Disamping itu pembuatan roadmap (peta jalan) penyiaran nasional wajib dilakukan dan dimantapkan implementasinya.
Bukan sekedar menyajikan mimpi utopis khususnya bagi penyiaran lokal. Tentunya dengan pendekatan komunikasi partispatoris, yaitu terbuka dan melibatkan seluruh pemangku kepentingan, khususnya masyarakat. Ini juga yang menjadi salah satu tugas dari Komisi Penyiaran Indonesia (KPI) terkhusus KPID Sulsel dalam masa penerapan digitalisasi ini harus juga memastikan eksistensi penyiaran (televisi dan radio) lokal.

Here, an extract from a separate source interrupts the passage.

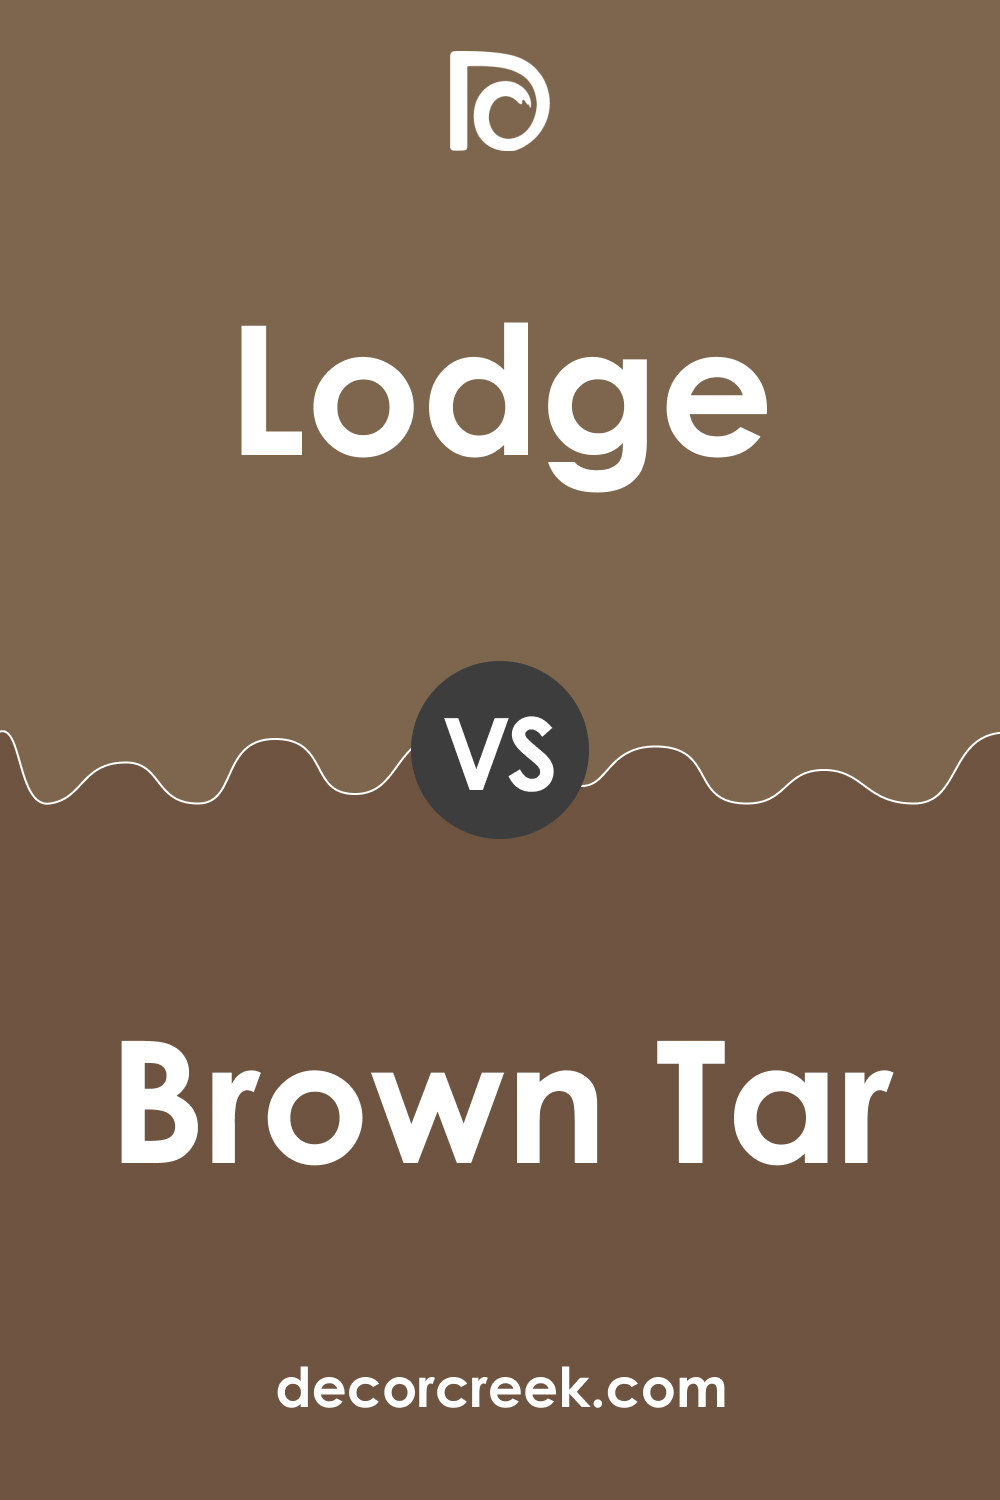 Lodge AF-115 vs. BM 2110-20 Brown Tar

Penyiaran digital bukan sekedar perintah undang-undang semata, tetapi juga bagaimana kehadiran digitalisasi tidak membuat penyiaran lokal tersisih bahkan mati. Switch Off penyiaran analog ke digital harusnya mampu memberikan peluang dan ruang yang lebih lebar dengan kebijakan dan tatakelola sistem penyiaran digital yang tidak ribet dan birokratis serta berbiaya mahal. Ibaratnya, penyiaran lokal bagaikan sektor UMKM jangan disamakan dengan pelaku usaha korporasi yang miliki modal besar dan akses privilege dari pemerintah.
KPI, KPID dan Kemenkominfo wajib menuntaskan hambatan dan keresahan ini agar penyiaran lokal bisa bertumbuh dan berdayasaing dengan beragam konten siaran nasional grup korporasi. Beri ruang penyiaran lokal mendapatkan kemudahan untuk bisa bersiaran di layanan penyiaran digital. Membantu proses pemberdayaan sebagai upaya meningkatkan kualitas dan kreativitas SDM penyiaran lokal. Dengan begitu, konten siaran yang dibuat menjadi bagus sehingga akan tercipta simbiosis mutualisme yang produktif.
Era digitalisasi penyiaran harus bisa menciptakan peluang bagi insan penyiaran khususnya penyiaran lokal setidaknya di sektor politik, migrasi teknologi, dan dampak ekonomi. Disektor politik, kebijakan untuk migrasi dari siaran analog ke digital ini merupakan bentuk demokratisasi dalam industri penyiaran, karena akan terjadi keberagaman kepemilikan lembaga penyiaran dan konten. Alih teknologi juga menjadi daya dukung garansi kualitas siaran dengan kehadiran teknologi yang lebih baik. Sementara peluang di sektor ekonomi, tentu saja berpotensi akan membuka lapangan kerja disamping kue iklan yang dinikmati juga penyiaran lokal.